Influence of medial septal and entorhinal cortex lesions on theta activity recorded from the hippocampus and median raphe nucleus

• Published in: Physiology & behavior Vol. 59; no. 4; pp. 887 - 895
• Main Authors: Partlo, Lisa A., Sainsbury, Robert S.
• Format: Journal Article
• Language: English
• Published: Cambridge Elsevier Inc 01.04.1996; New York, NY Elsevier
• Subjects: Animals; Atropine - pharmacology; Biological and medical sciences; Central nervous system; Detomidine; Electric Stimulation; Electroencephalography - drug effects; Electrophysiology; Entorhinal Cortex - physiology; Fundamental and applied biological sciences. Psychology; Hippocampus; Hippocampus - physiology; Hypnotics and Sedatives - pharmacology; Imidazoles - pharmacology; Male; Parasympatholytics - pharmacology; Raphe; Raphe Nuclei - physiology; Rats; Theta; Theta Rhythm; Vertebrates: nervous system and sense organs; Detomidine; Theta; Hippocampus; Raphe; Rat; Rodentia; Central nervous system; Electrophysiology; Septum; Electroencephalography; Theta wave; Vertebrata; Mammalia; Entorhinal cortex; Raphe nucleus; Brain (vertebrata)
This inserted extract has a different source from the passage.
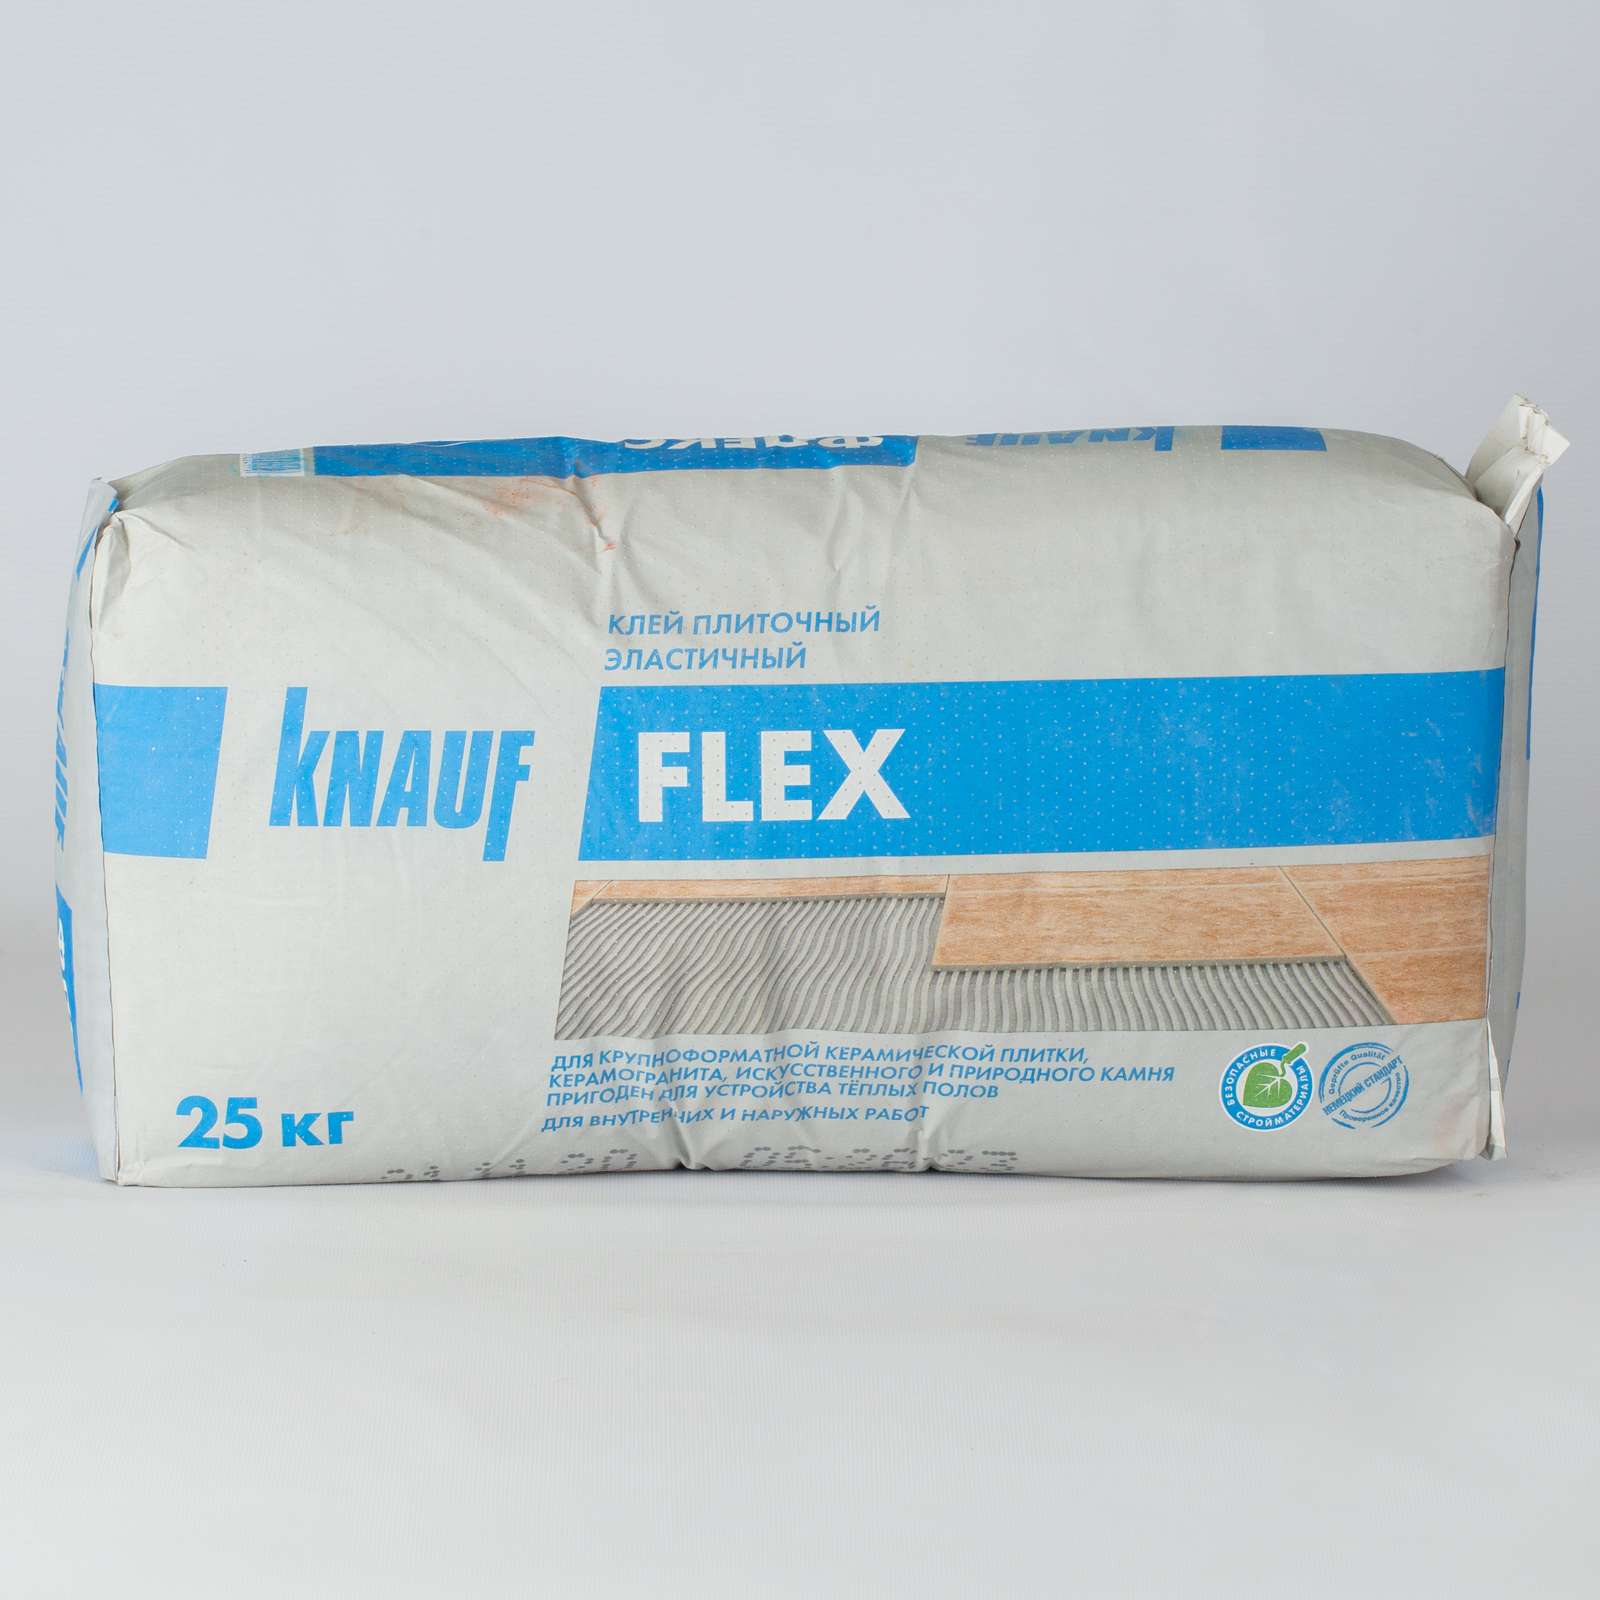 Клей кнауф флекс. Клей для плитки Кнауф Флекс 25 кг. Флекс Knauf - клей плиточный 25кг с2s1. Кнауф Флекс 25кг клей для керамогранита. Клей плиточный Knauf Flex эластичный 25.

• ISSN: 0031-9384; 1873-507X
• DOI: 10.1016/0031-9384(95)02208-2

The electrophysiological relationship between the hippocampus (HP) and the median raphe nucleus (MRN) was examined in the freely moving rat. Bilateral HP recording electrodes were implanted in all animals ( n = 15). In the first group of animals, placement of a monopolar recording electrode in the MRN allowed for simultaneous recordings of field activity from the HP and MRN, both prior to and following electrolytic destruction of the medial septum (MS) ( n = 10). Immediately following MS lesions, theta activity recorded from both sites was abolished. These data suggest that the MS may serve as a pacing input to both the HP and MRN. In a second group of animals, field activity was recorded from the HP and MRN, both prior to and following electrolytic destruction of the entorhinal cortex (EC) ( n = 5). Type 1 theta activity recorded from both the HP and MRN was attenuated by EC lesions; however, detomidine-induced immobility-related theta activity was unaffected by destruction of the EC. In light of these findings, the plausibility of EC inputs to the MRN was discussed. The present results suggest that theta activity recorded from the MRN is dependent on the same neural mechanisms that control theta production in the HP.